The rating agencies are an outsourced credit analysis function for many investors.

yup. that's my point. you like that situation? you want to exacerbate it? at least when investors know that the issuer is paying the fees, they might think twice about a rating. and hey, maybe if you don't trust a rating and you discover you don't know how to do the analysis yourself, you shouldn't be buying MBS. i would trust investors even less than i do now if they were paying the RA fees...

Great polemic, Tanta. These are the analyses that make me come back.
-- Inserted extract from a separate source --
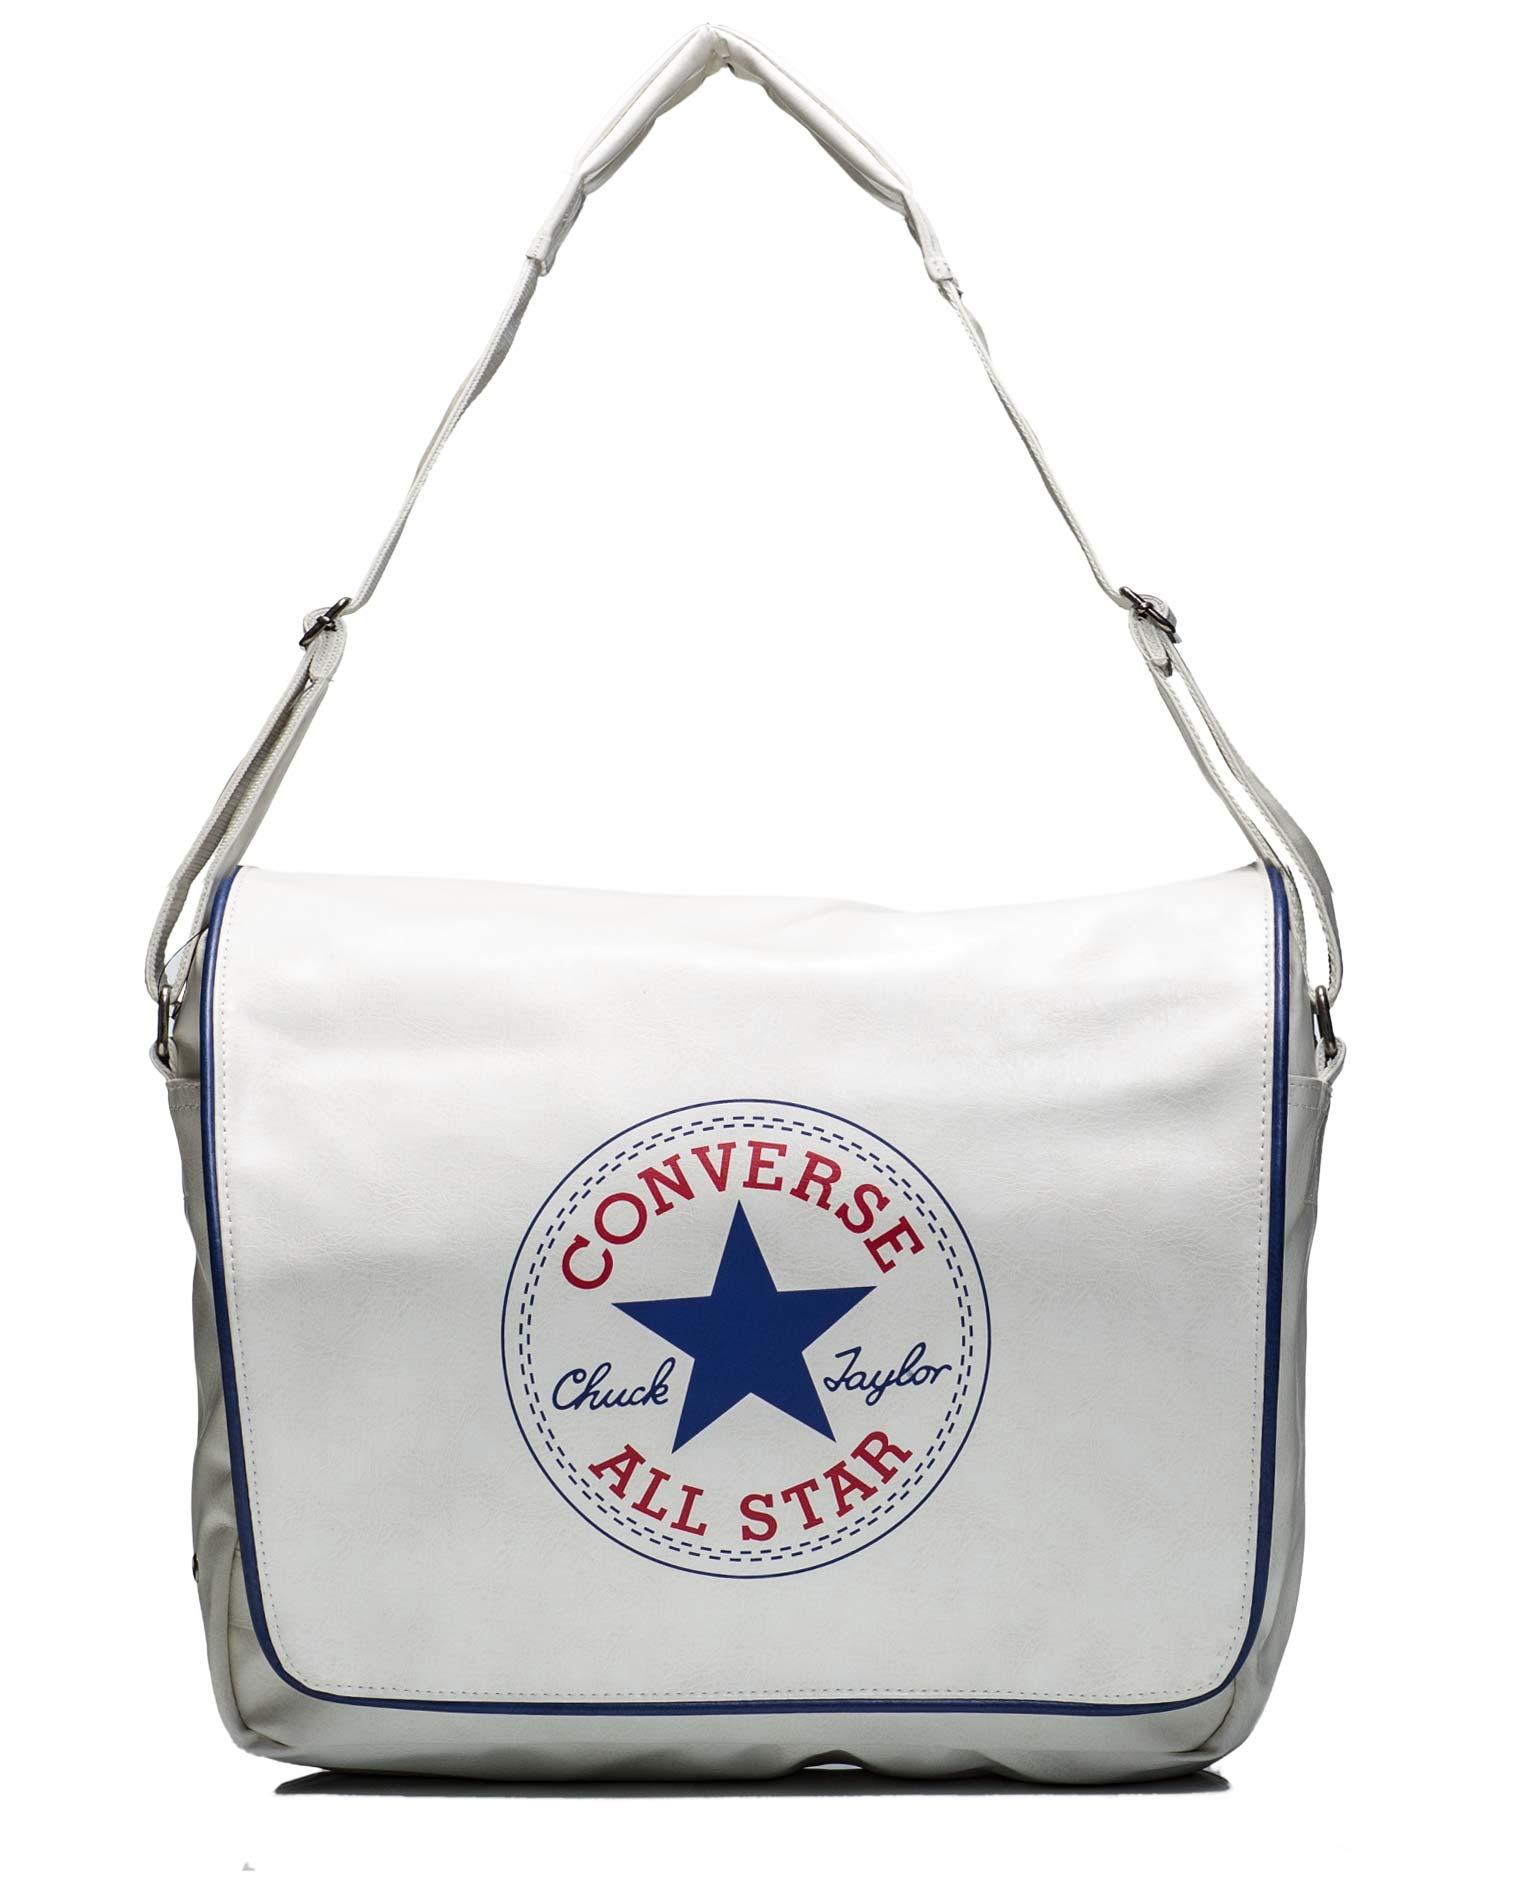 white converse bag
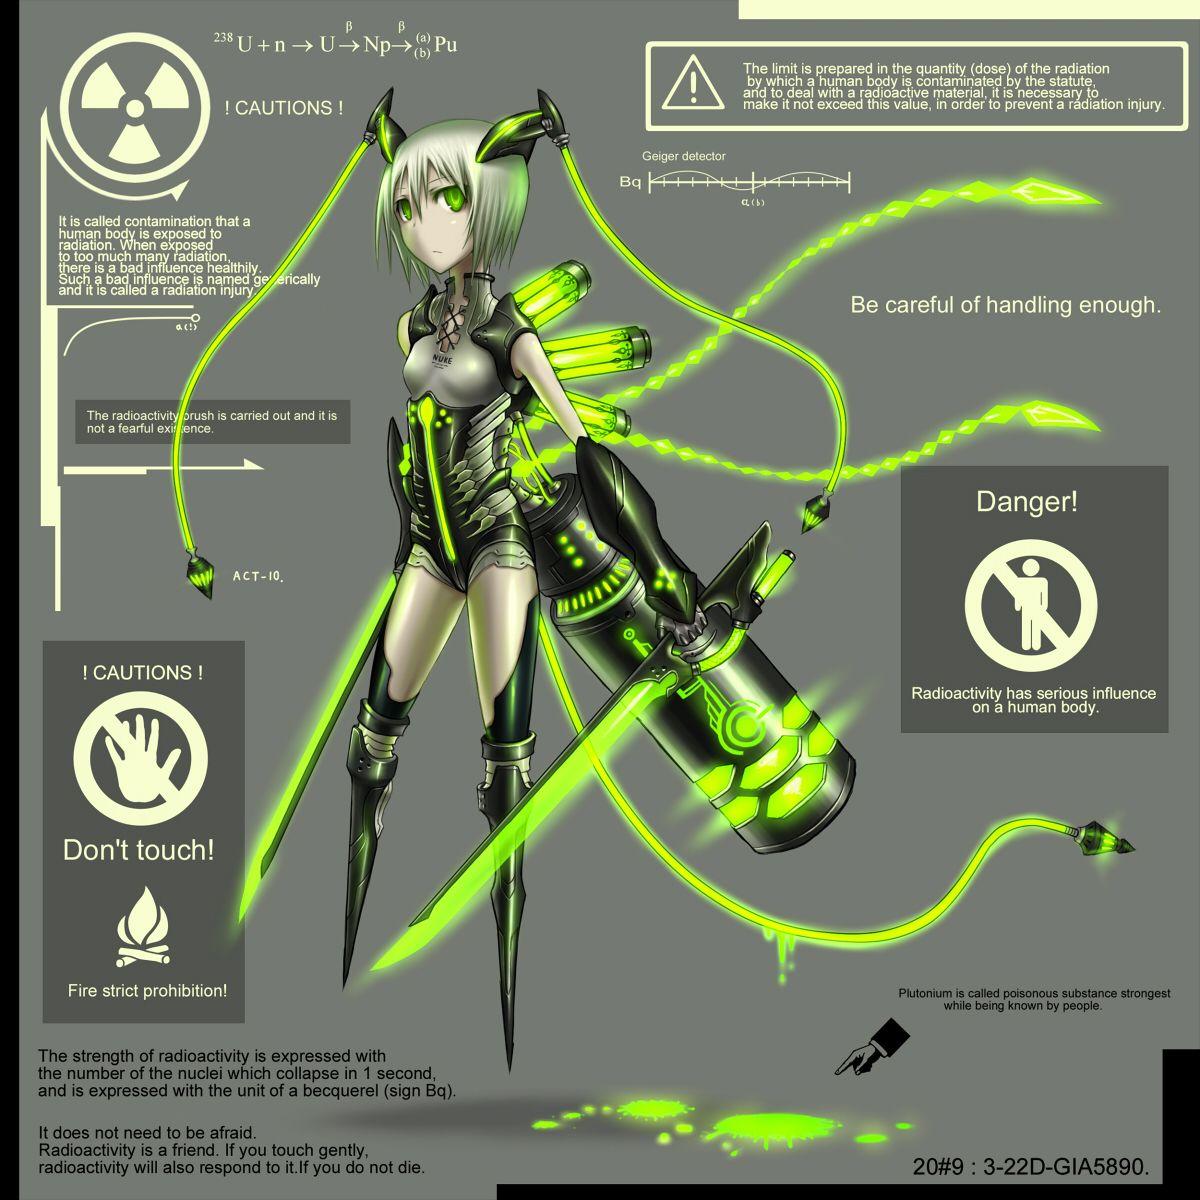 Pin By Dmk Tang On Anime Robot Girls Anime Eyes Robot Girl Computer Wallpaper Desktop Wallpapers

Love the Bank of England report.

Remind anyone else of Mary Poppins? Where young Michael Banks causes a run on the Bank of England by screaming repeatedly at the teller, "Give me back my tuppence!"

My argument is that the interests of the investors are purer thant the interests of the dealers. Incentives are more properly aligned.

Your argument is that they will think twice if we continue the current system (I can't make heads or tails of the rest of your thread). I know from your past posts that you appreciate how difficult & expensive it is to model & evaluate such dynamic cashflows. Then their is a counterparty credit component that has to be layered on top of that.

The investor wants a fair risk/adjusted returns over Treasuries for investing in mortgages. The dealers want volume. The current system encourages volume, and you think it is better?

Just trying to get at your beef over investor-paid ratings.

Clyde, this is going well for us because i don't think i understand what you're saying either, but at least you type well so you're one up on me. i suppose you were structured with a "shifting interest mechanism". while i unfortunately wasn't. a ha ha ha.

anyway, why would investors never pressure the RAs to get what they want? i can envision a number of scenarios where an investor (some of whom are also issuers) would not actually want the "correct" rating on a bond. also, wouldn't this just encourage investors to do even less of their own credit analysis because they pay the RA to do it; i think that is bad, don't you? Tanta compared this to lenders relying on FICO scores a while ago, which hasn't worked so well.

...i just don't really see how that actually changes the incentives of the RA; they still want volume and as long as investors are so dependent on them, that's how it's going to be, regardless of who's paying them.